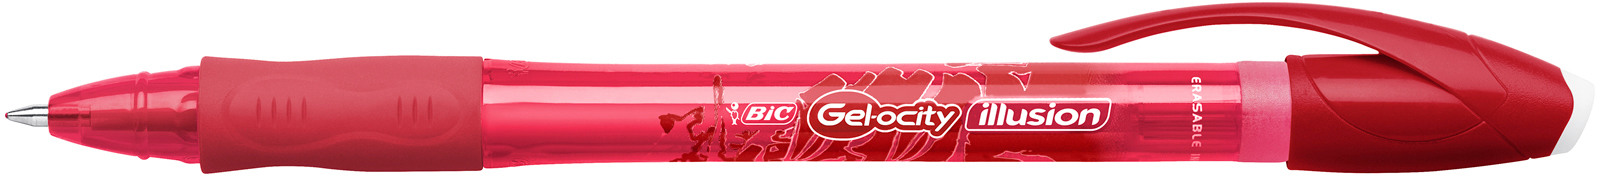 BIC Gel-ocity Illusion 943442 rouge, erasable 0.3mm
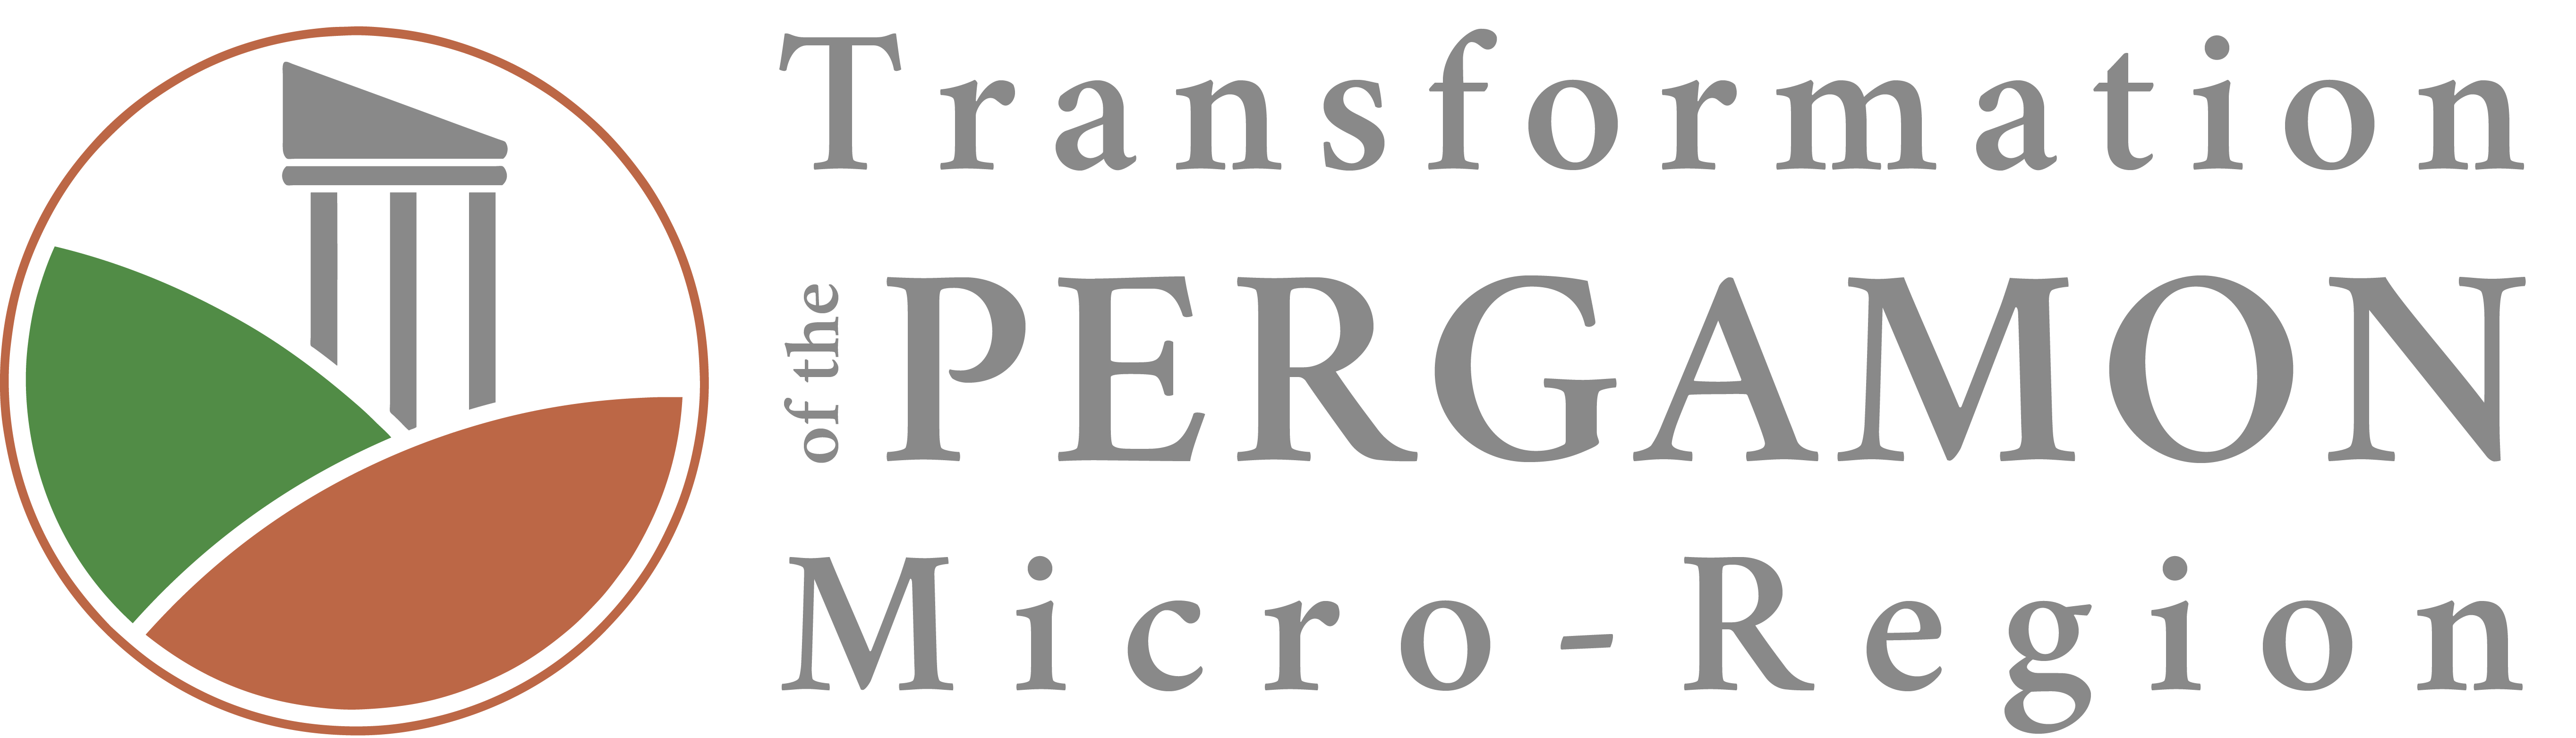 Pergamon Micro-Region
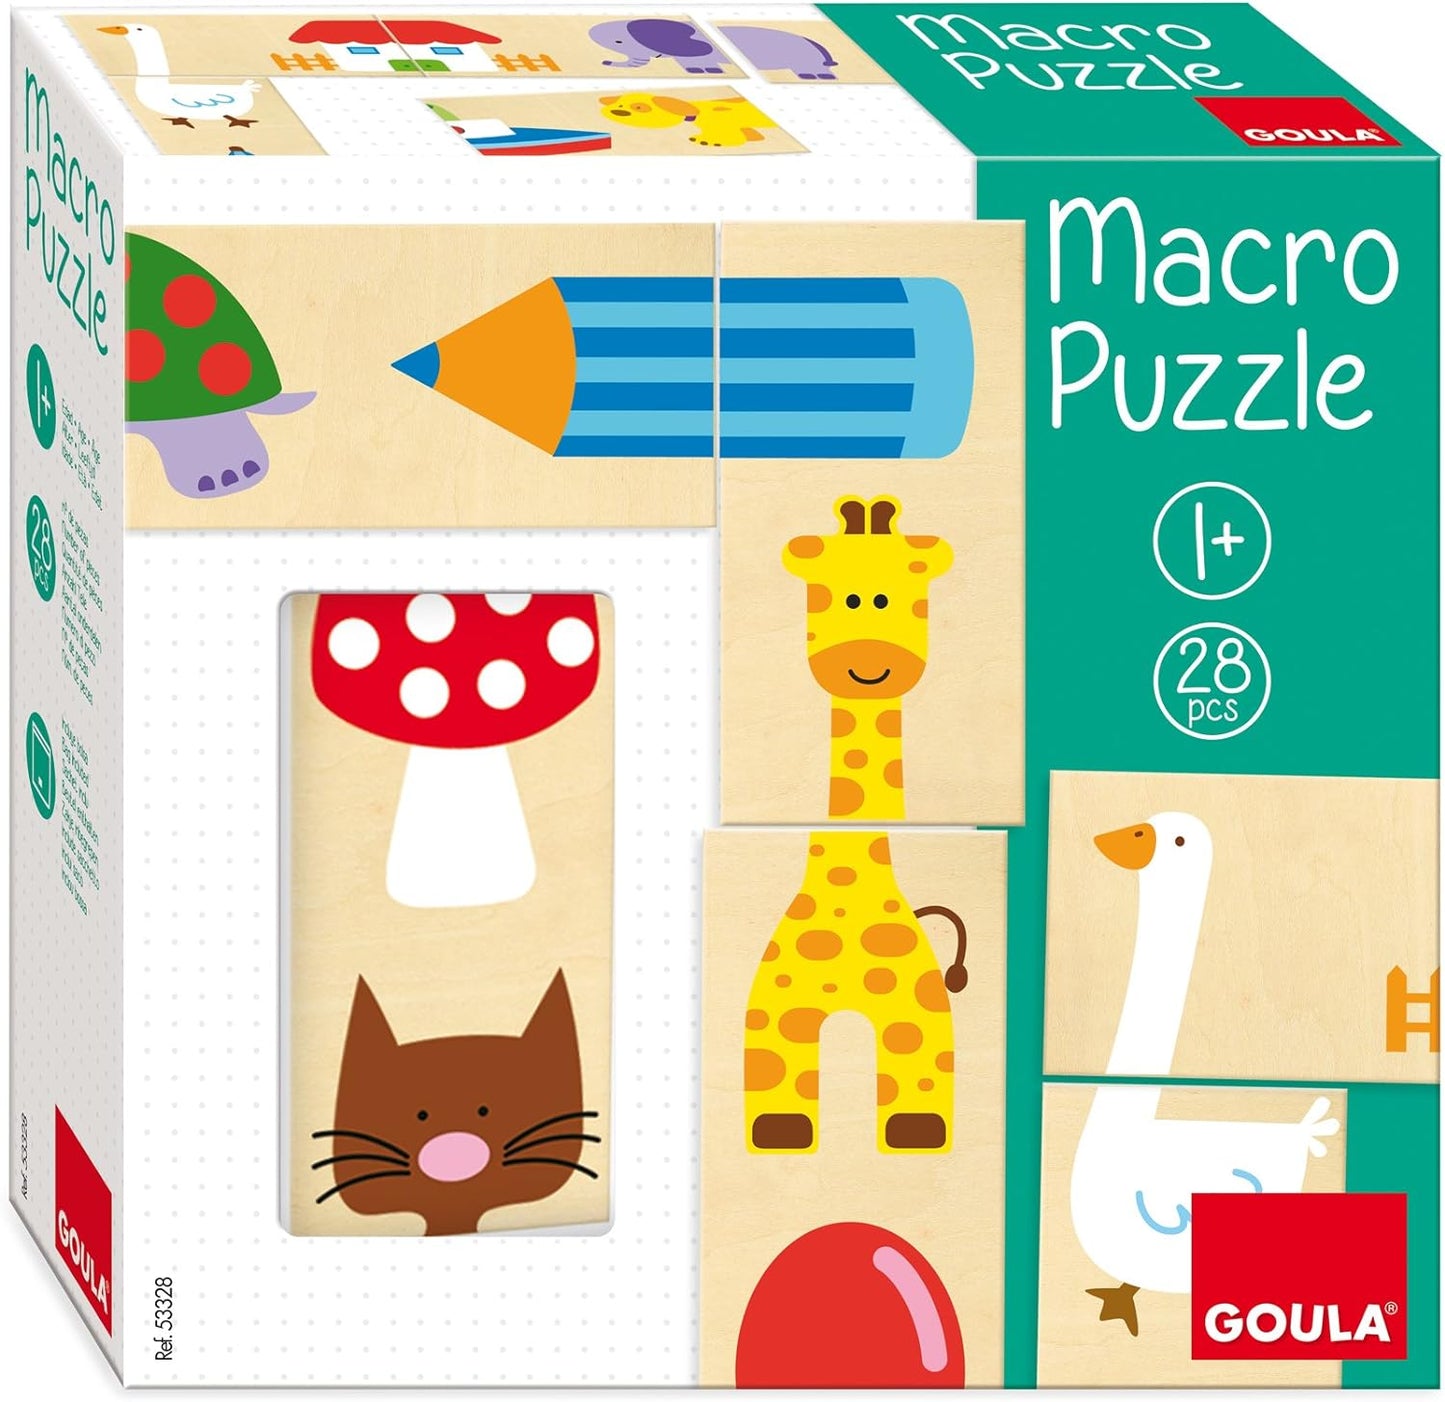 Goula Macro Puzzle Domino Game Large Size 大號拼圖多米諾配對遊戲
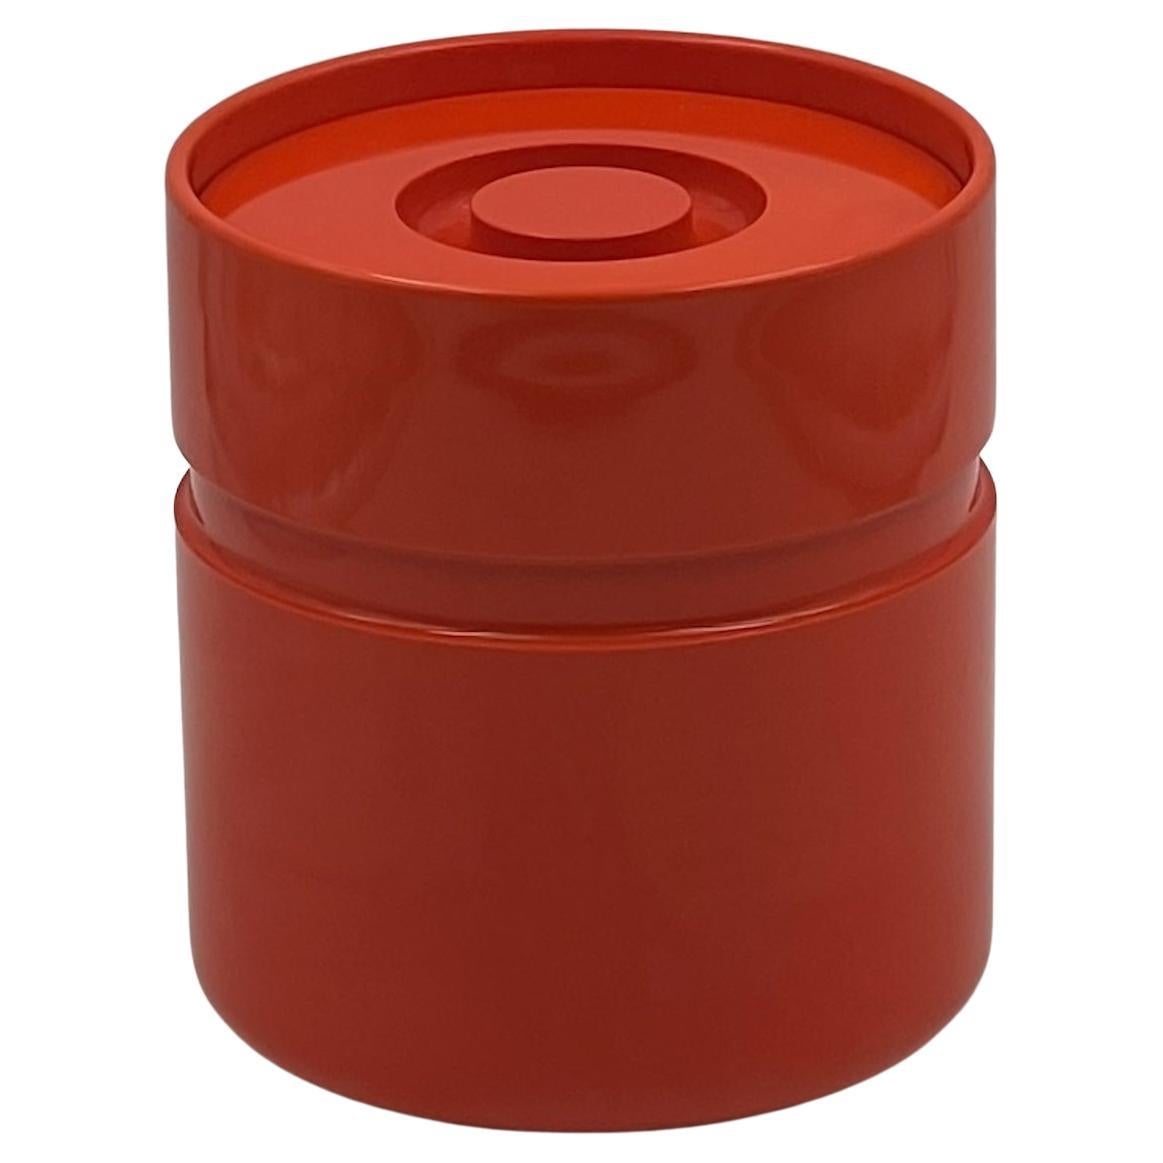 70s Orange Ice Bucket Sergio Asti for Heller - Iconic Italian Design Tableware
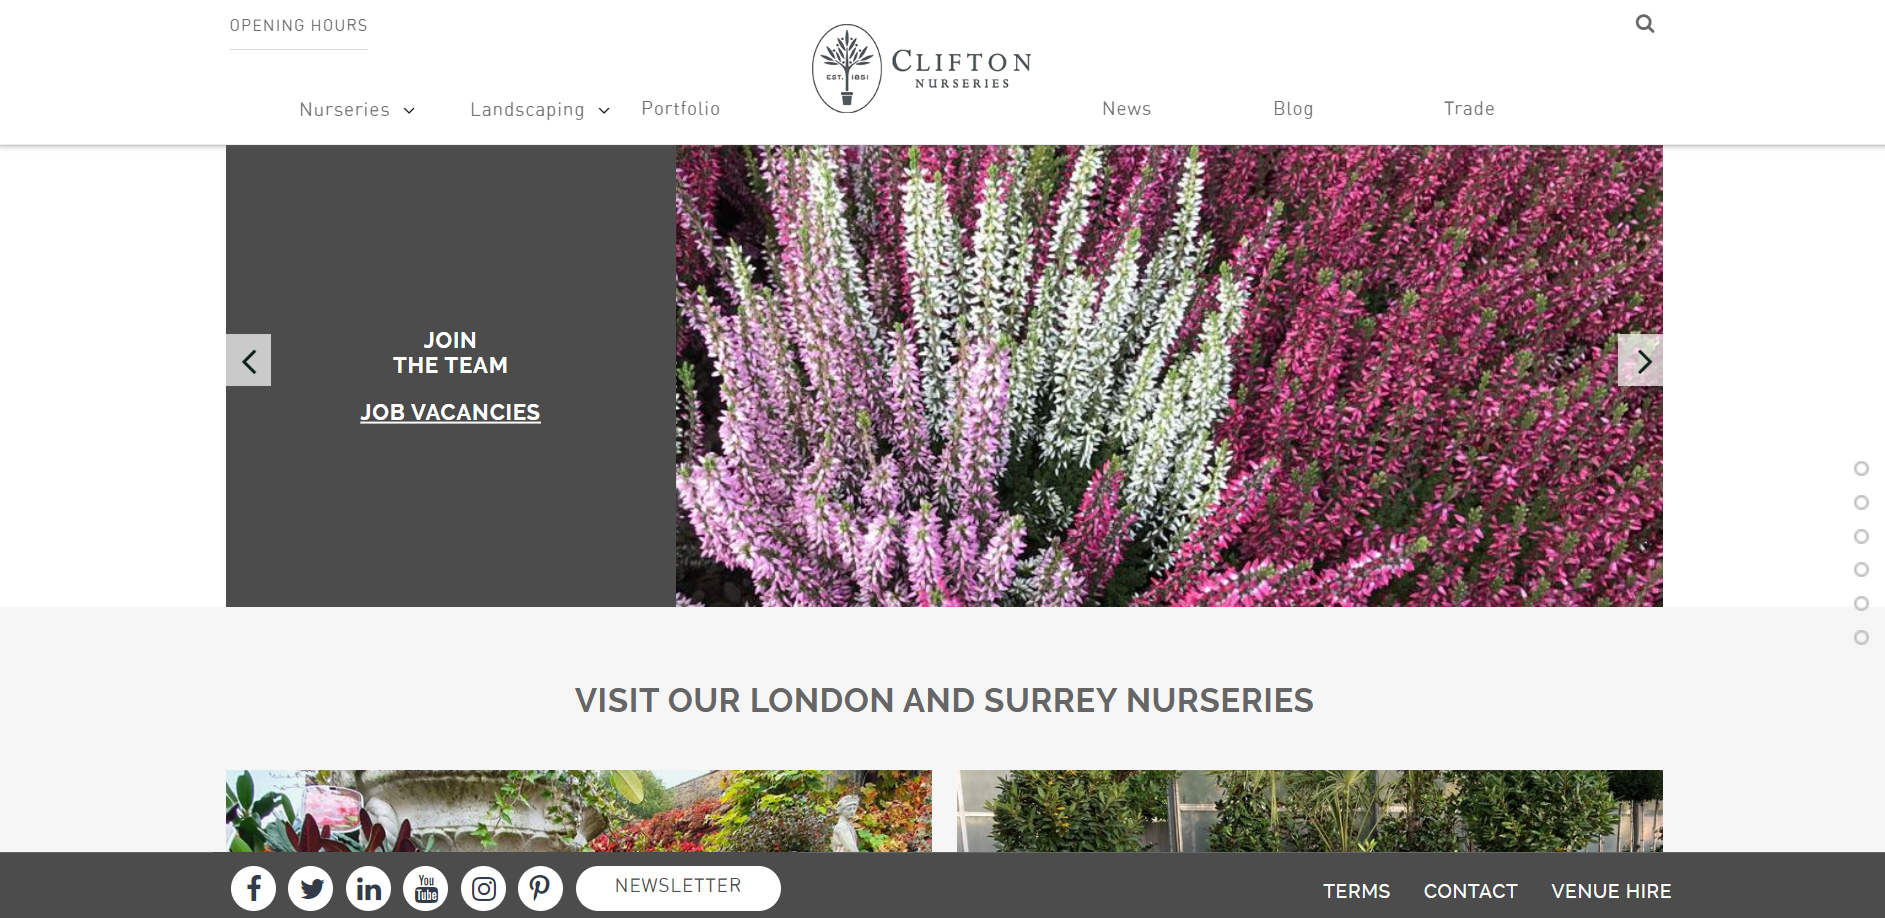 Clifton Nurseries

============

**About this exercise**
Leaving the images out, retype all the material above exactly.

**Answer for the task**
 BIC Gel-ocity Illusion 943442 rouge, erasable 0.3mm
 Pergamon Micro-Region
 Goula Macro Puzzle Domino Game Large Size 大號拼圖多米諾配對遊戲
 70s Orange Ice Bucket Sergio Asti for Heller - Iconic Italian Design Tableware
 Clifton Nurseries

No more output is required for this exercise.